Purpose - This paper aims to explore the effects of illiquidity on portfolio weight and return dynamics. Design/methodology/approach - Using a novel continuous-time framework, the paper makes two key contributions to the literature on asset pricing and illiquidity. The first is to study the effects of illiquidity on portfolio weight dynamics. The second contribution is to analyze how illiquidity affects the risk/return dynamics of a portfolio. Findings - The numerical results highlight that investors should be prepared for potentially large and skewed variations in portfolio weights and can be away from optimal diversification for a long time when adding illiquid assets to a portfolio. Additionally, the paper shows that illiquidity increases portfolio risk. Interestingly, this effect gets more pronounced when the return correlation between the illiquid and liquid asset is low. Thus, there is a correlation effect in the sense that illiquidity costs, as measured by the increase in overall portfolio risk, are inversely related to the return correlation of the assets. Originality/value - This is the first paper that highlights that the increase in portfolio risk caused by illiquidity is inversely related to the return correlation between the liquid and illiquid assets.
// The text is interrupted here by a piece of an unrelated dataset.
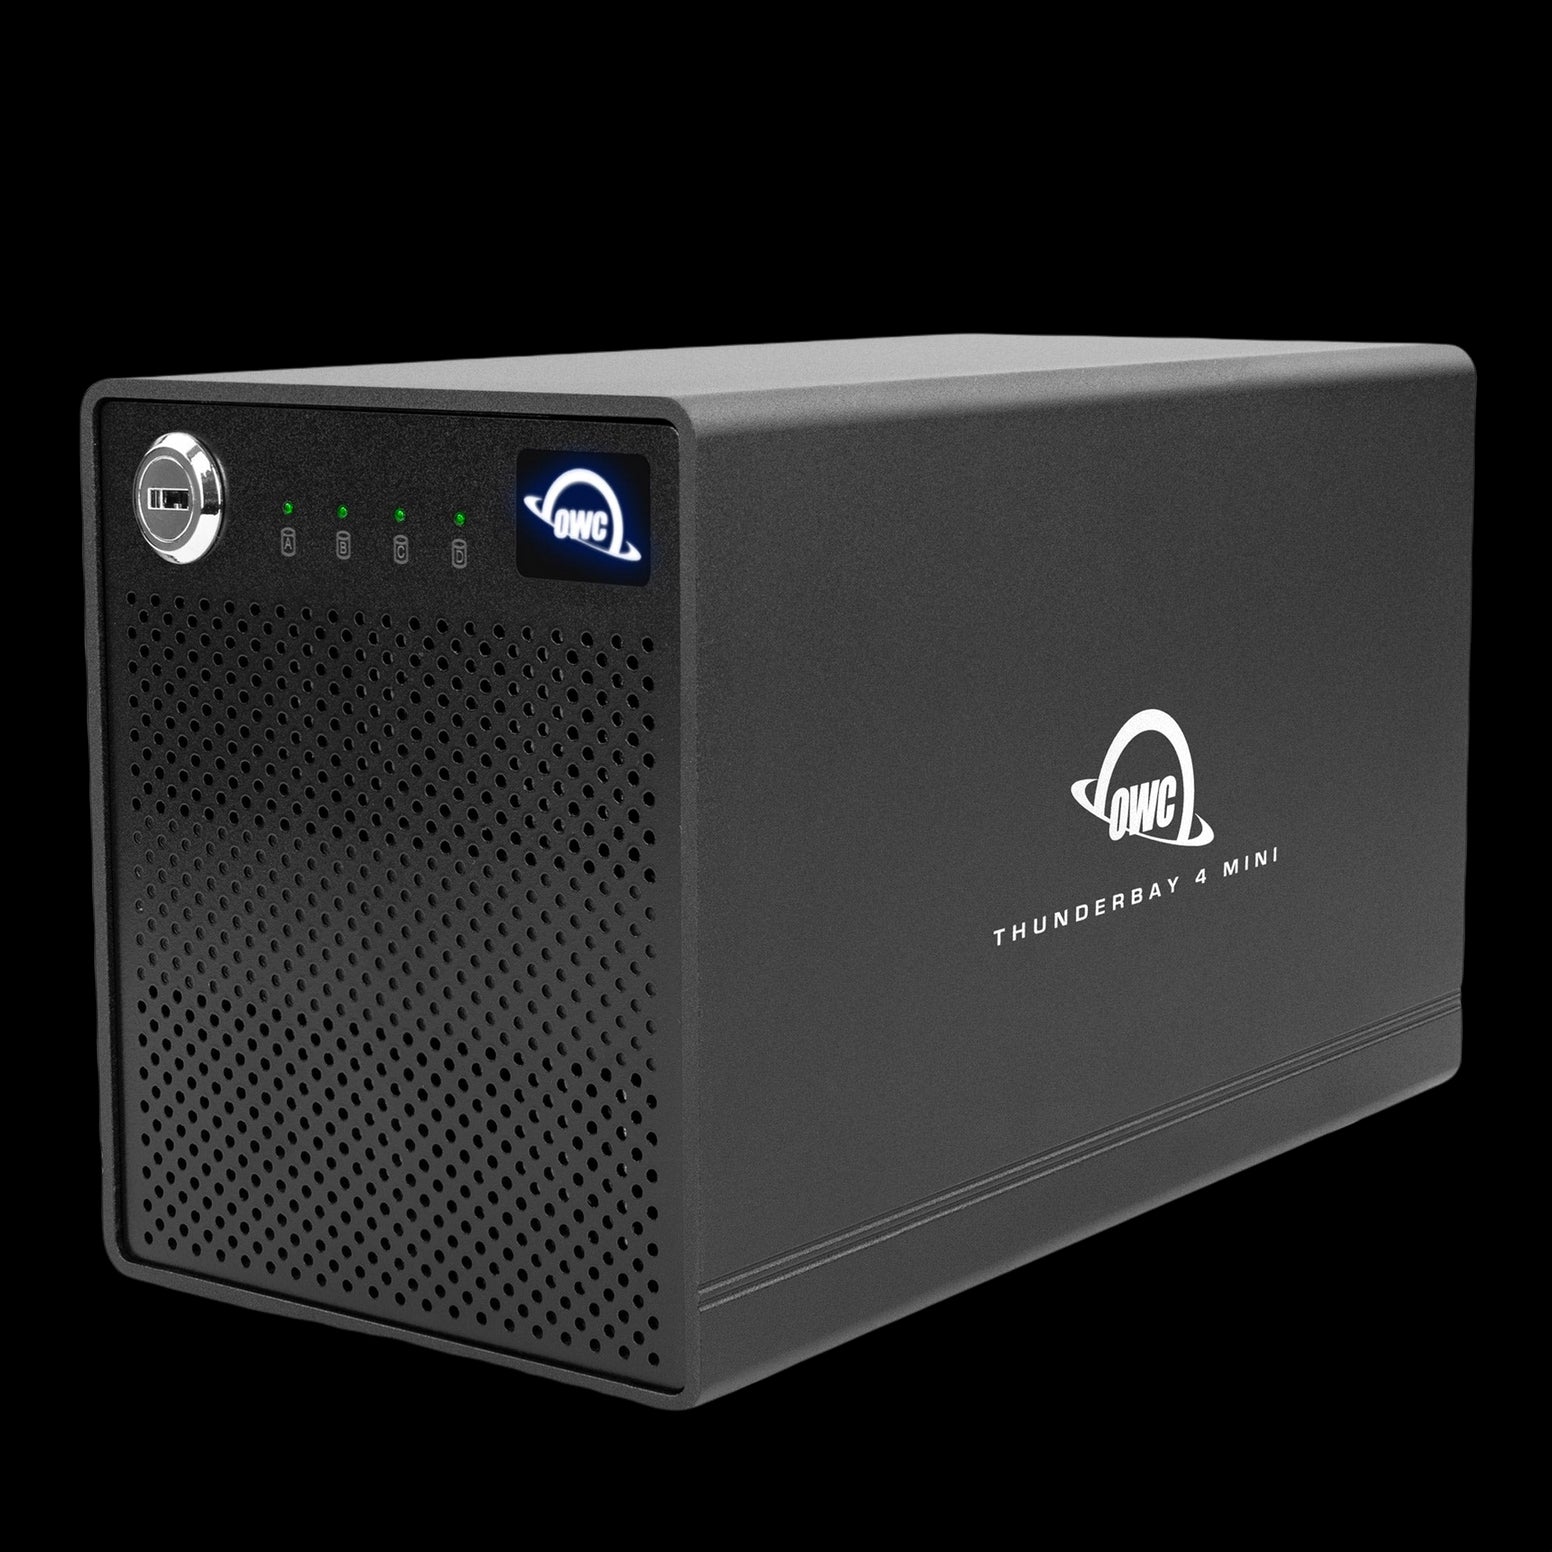 OWC 4TB SSD ThunderBay 4 mini (Thunderbolt 3 Model) with Dual Thunderbolt 3 Ports and SoftRAID XT
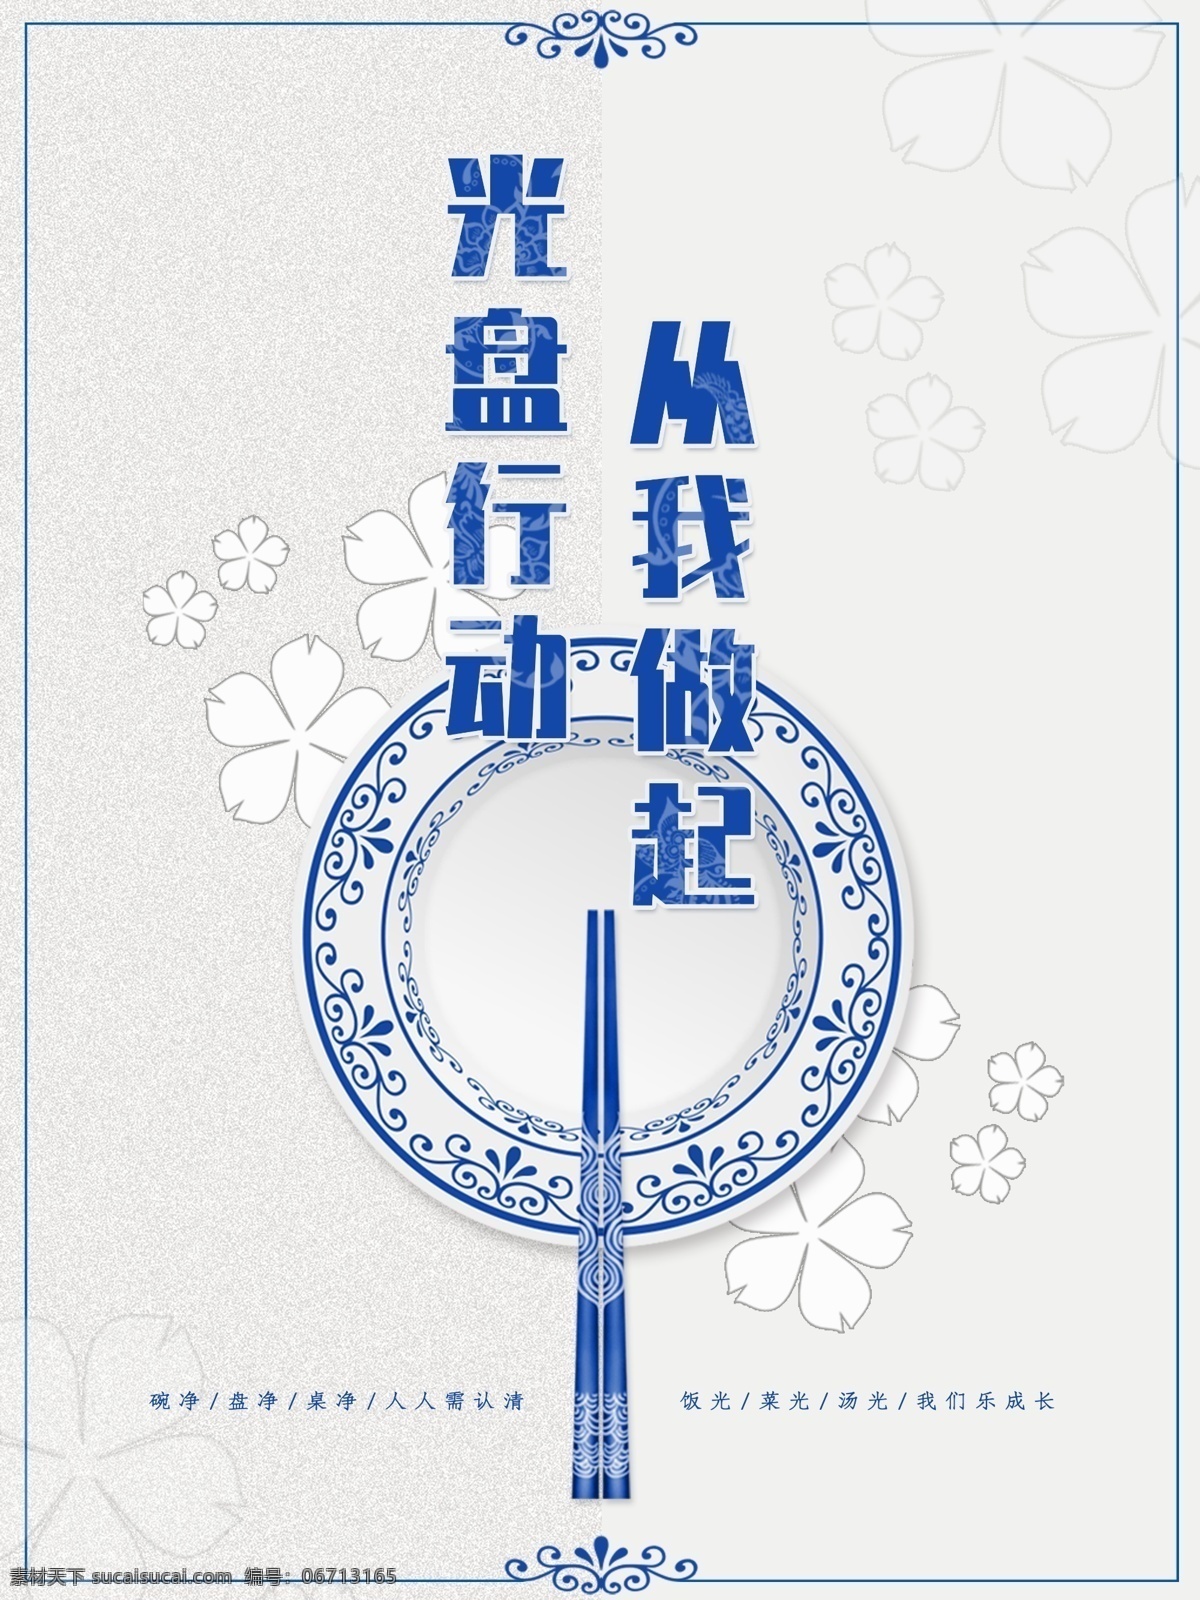 公益海报图片 光盘行动 海报 广告 学校食堂 餐厅 青花瓷 筷子 白色底面 公益 公众场所 蓝色 纹样 图案 底纹 手机海报

This important economic result contrasts with the widely used argument that the benefit of adding illiquid (alternative) assets to a portfolio is their low correlation with (traditional) traded assets. The results imply that the benefits of adding illiquid assets to a portfolio can be much lower than typically perceived.

Suggested Citation

  • Axel Buchner, 2016. "Portfolio dynamics under illiquidity," Journal of Risk Finance, Emerald Group Publishing Limited, vol. 17(4), pages 405-427, August.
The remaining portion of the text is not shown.